## THE TASK
With the pictures left out, transcribe exactly the lines from the one with "Anishinaabemowin Word of" through the end of the data.

[SUPPLIED INFORMATION]

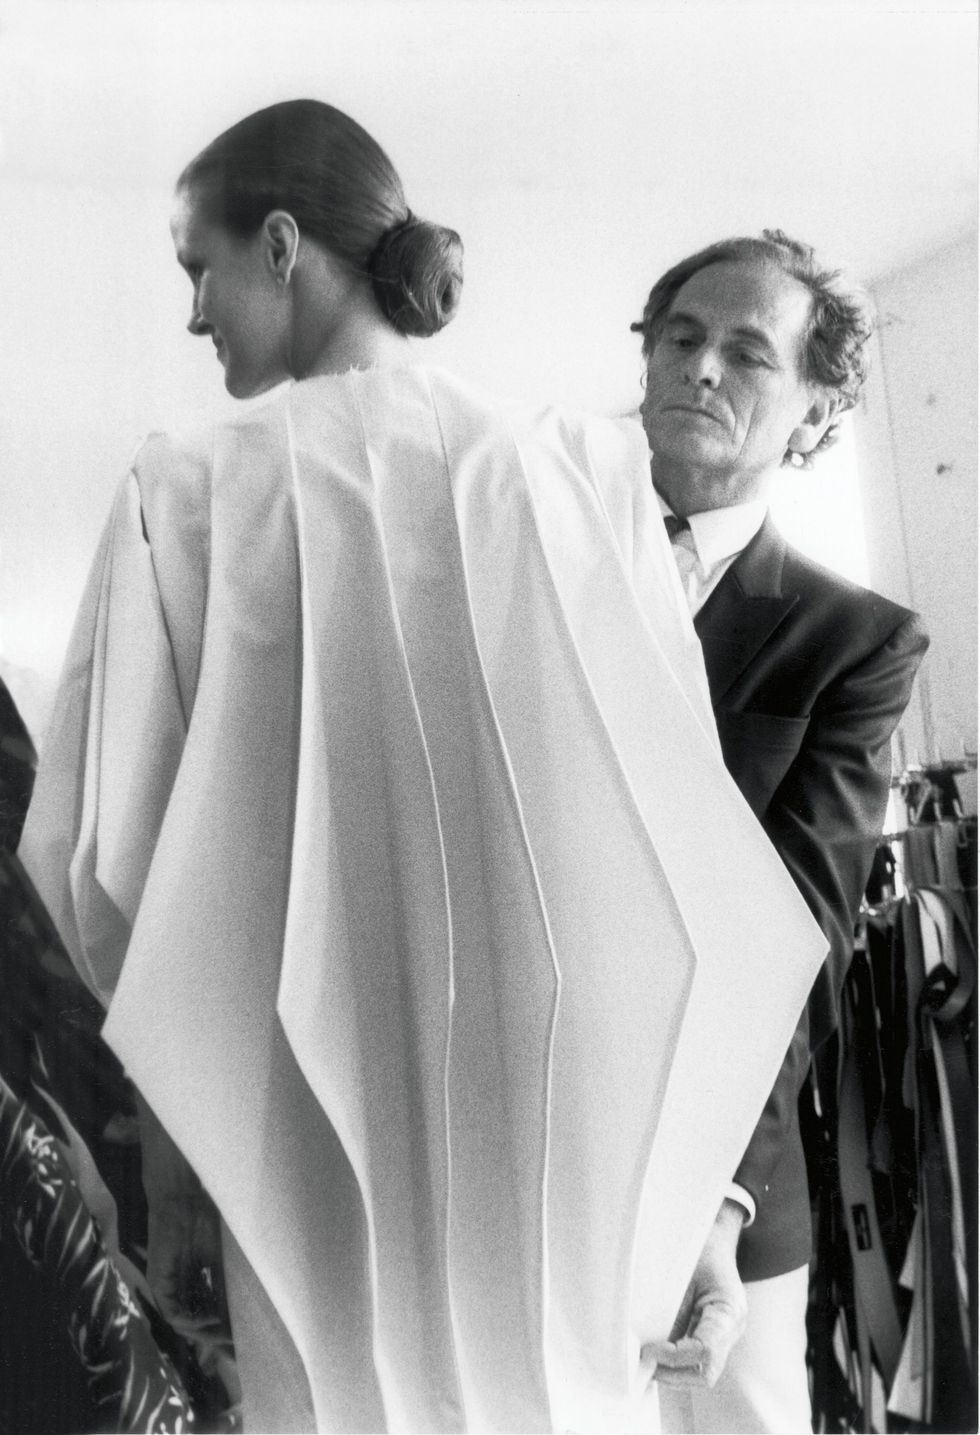 Pierre Cardin, Computer coat, future fashion
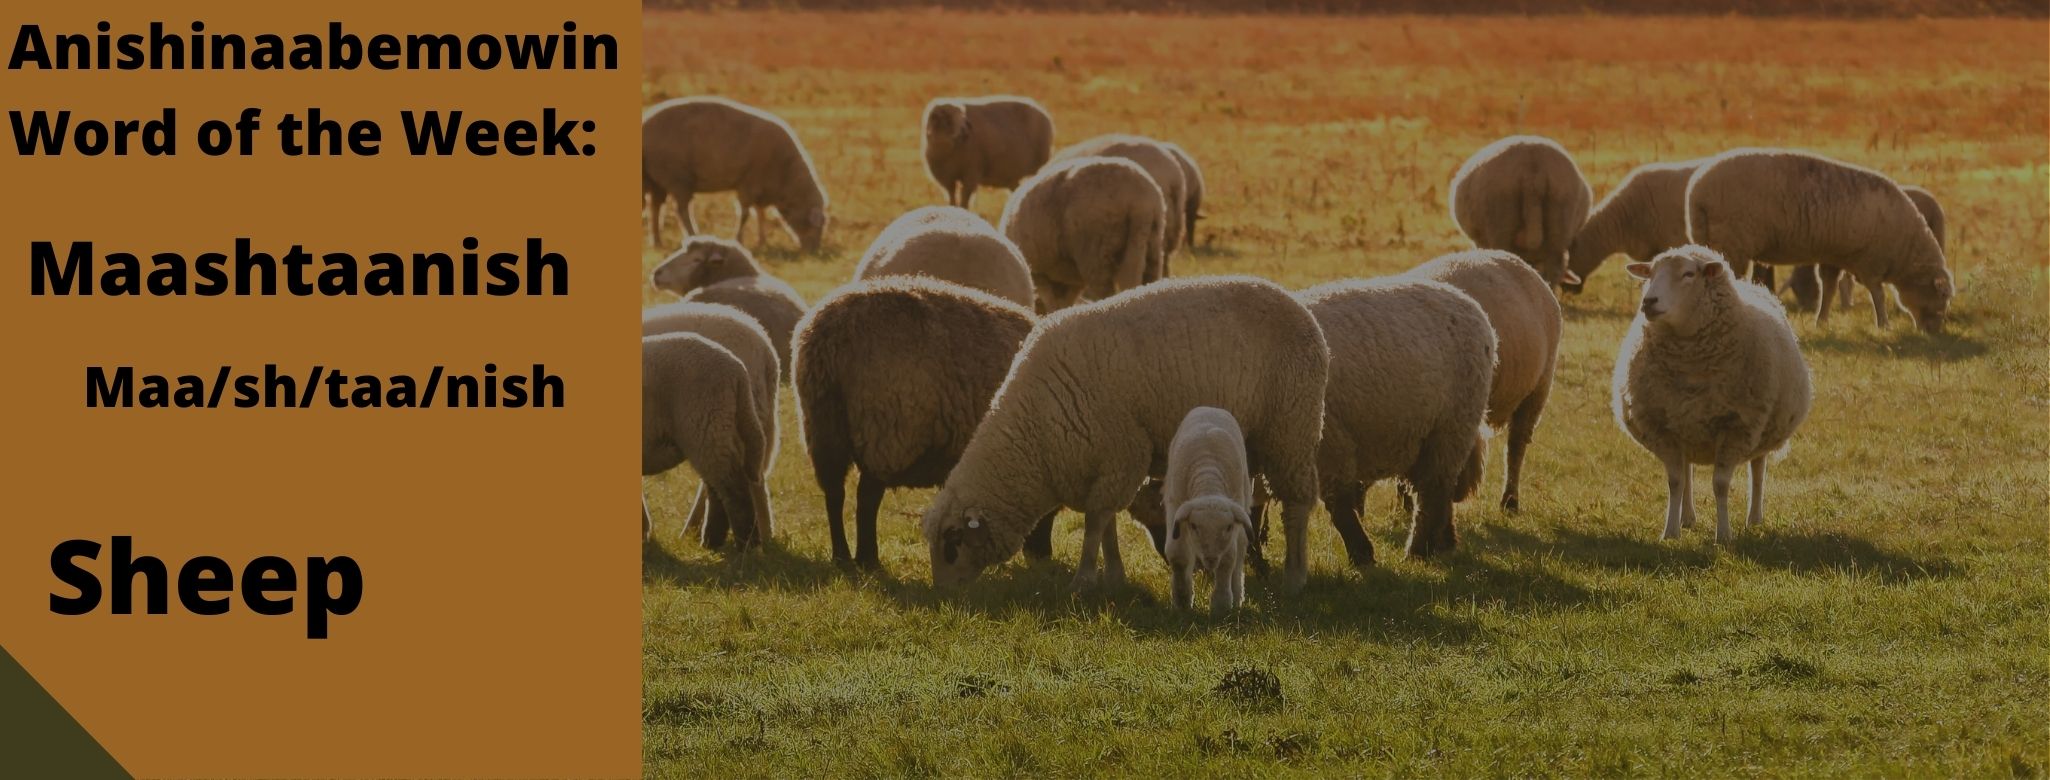 Anishinaabemowin Word of the Week Maashtaanish Sheep
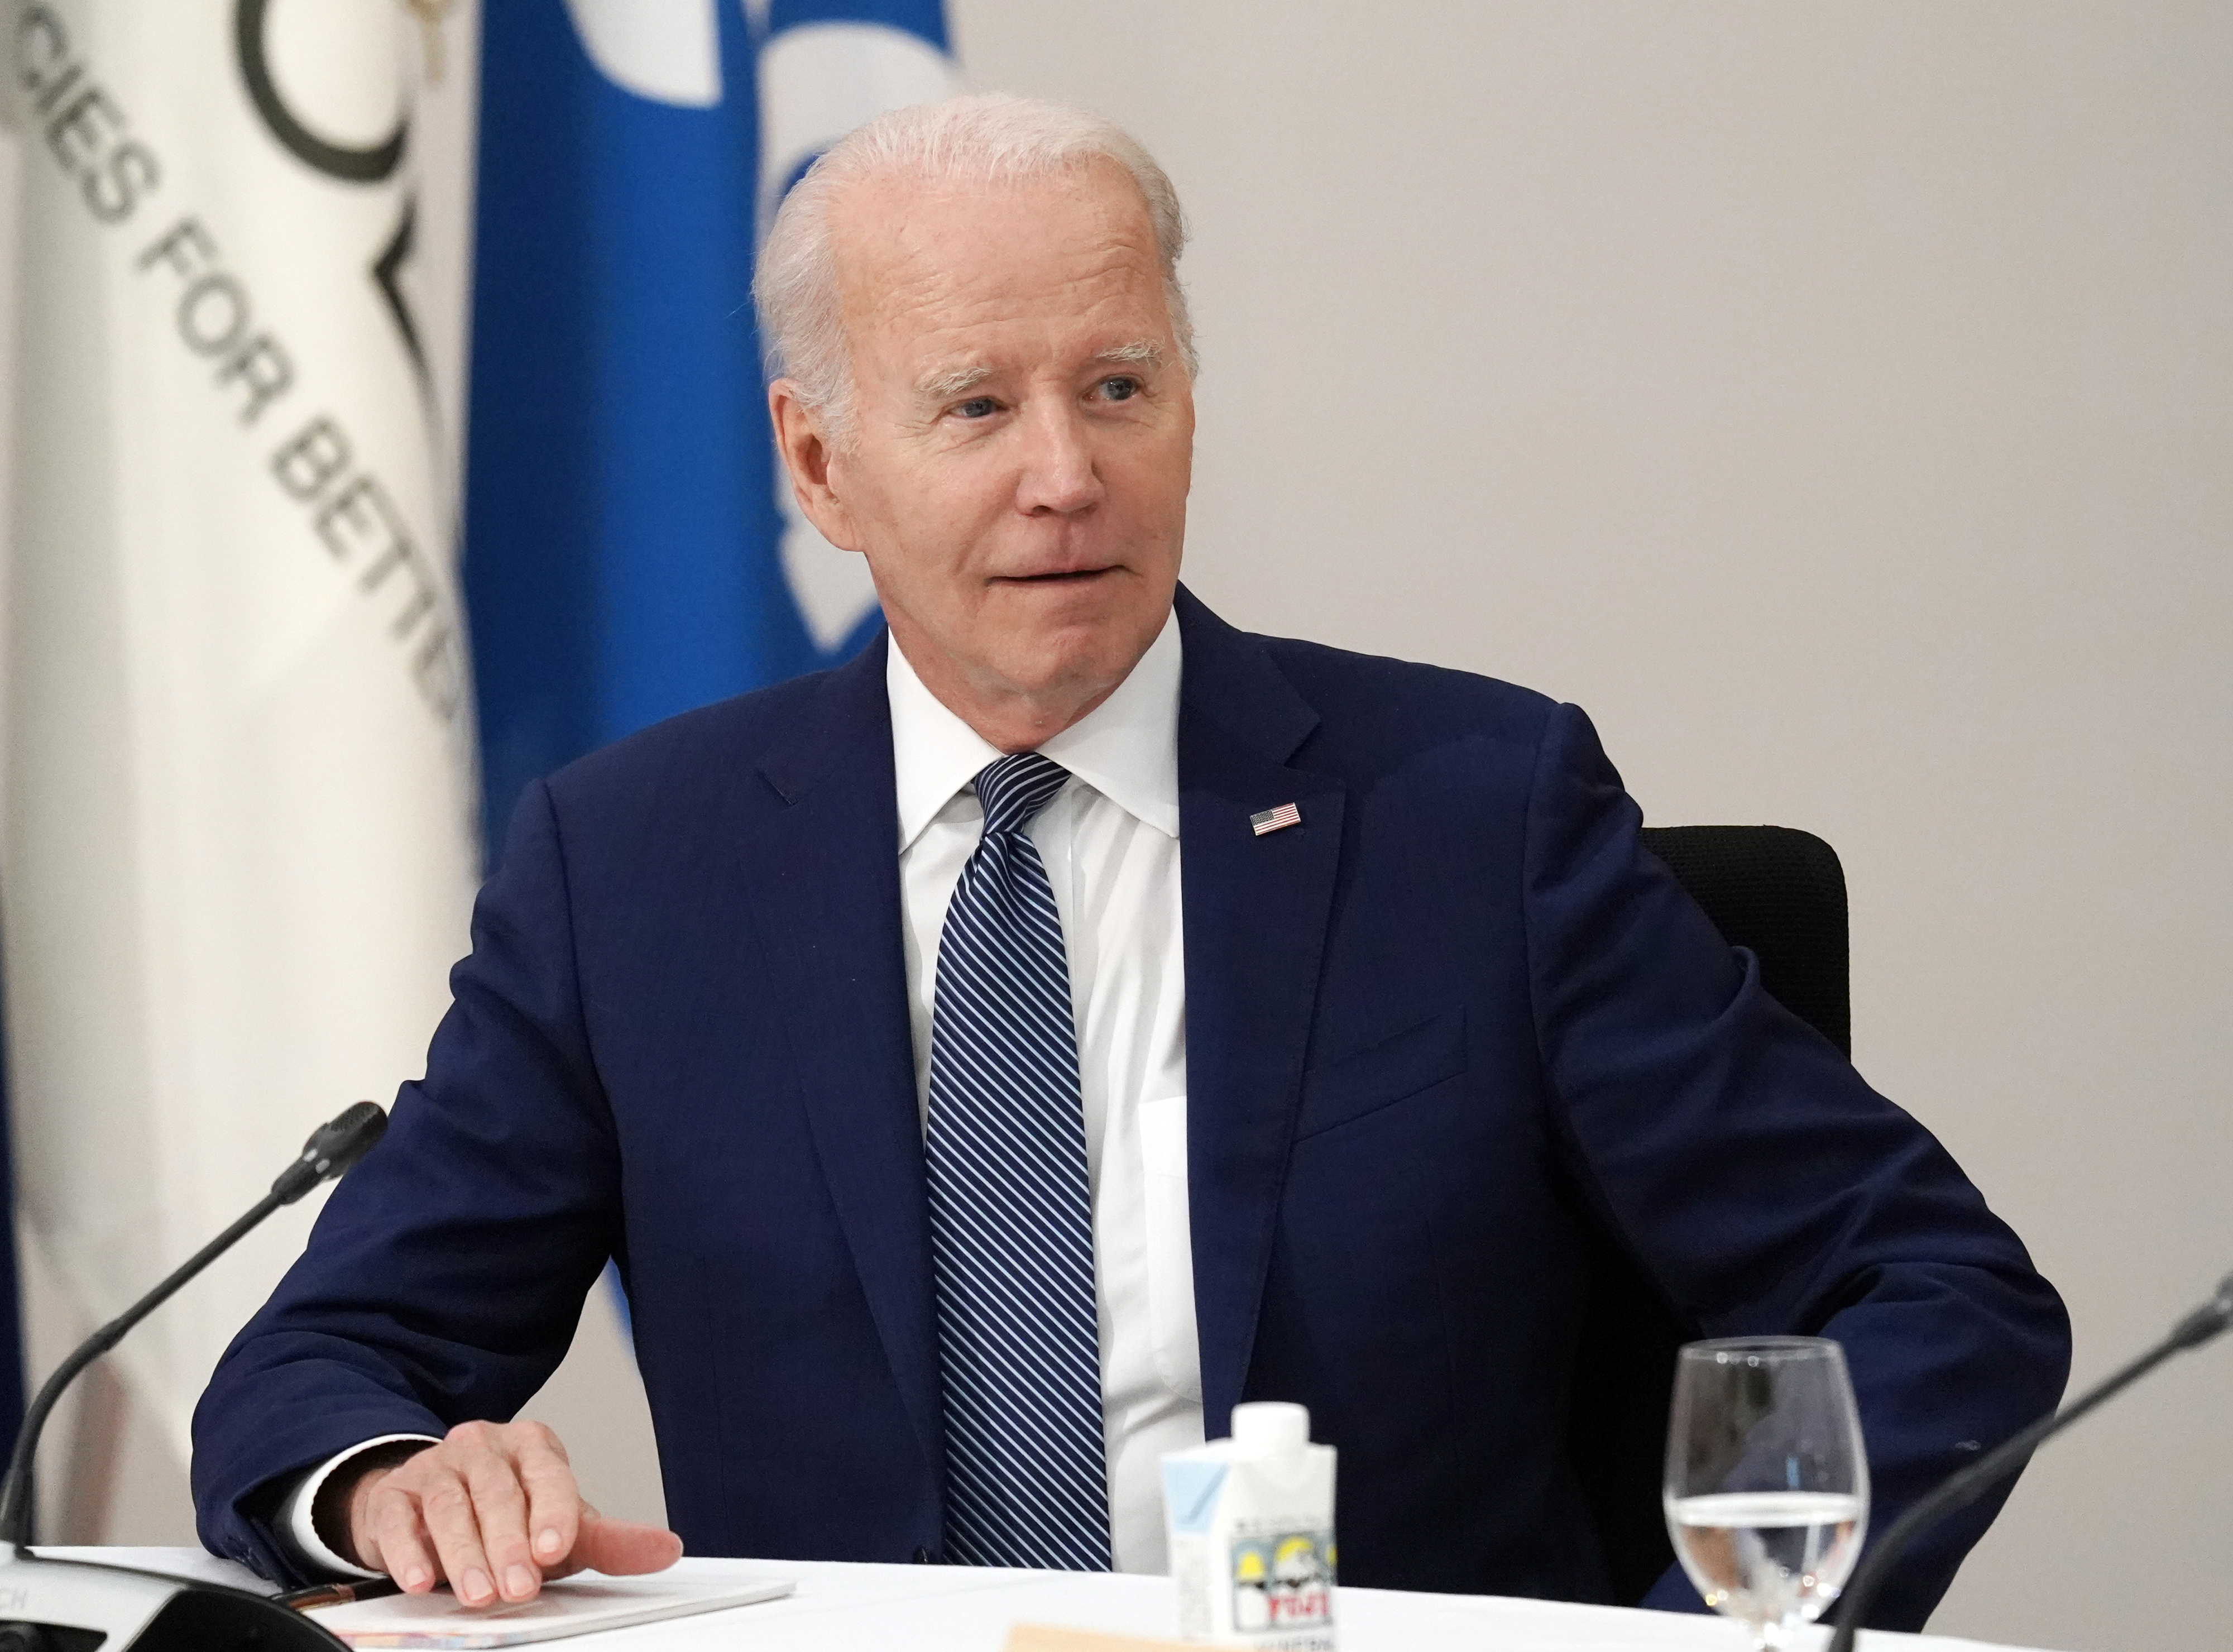 조 바이든 미국 대통령이 지난 5월 20일 일본 히로시마 그랜드 프린스 호텔에서 열린 G7 정상회의 확대세션에 참석하고 있다.

[/SUPPLIED INFORMATION]

## WRITTEN SOLUTION
 Anishinaabemowin Word of the Week Maashtaanish Sheep
 조 바이든 미국 대통령이 지난 5월 20일 일본 히로시마 그랜드 프린스 호텔에서 열린 G7 정상회의 확대세션에 참석하고 있다.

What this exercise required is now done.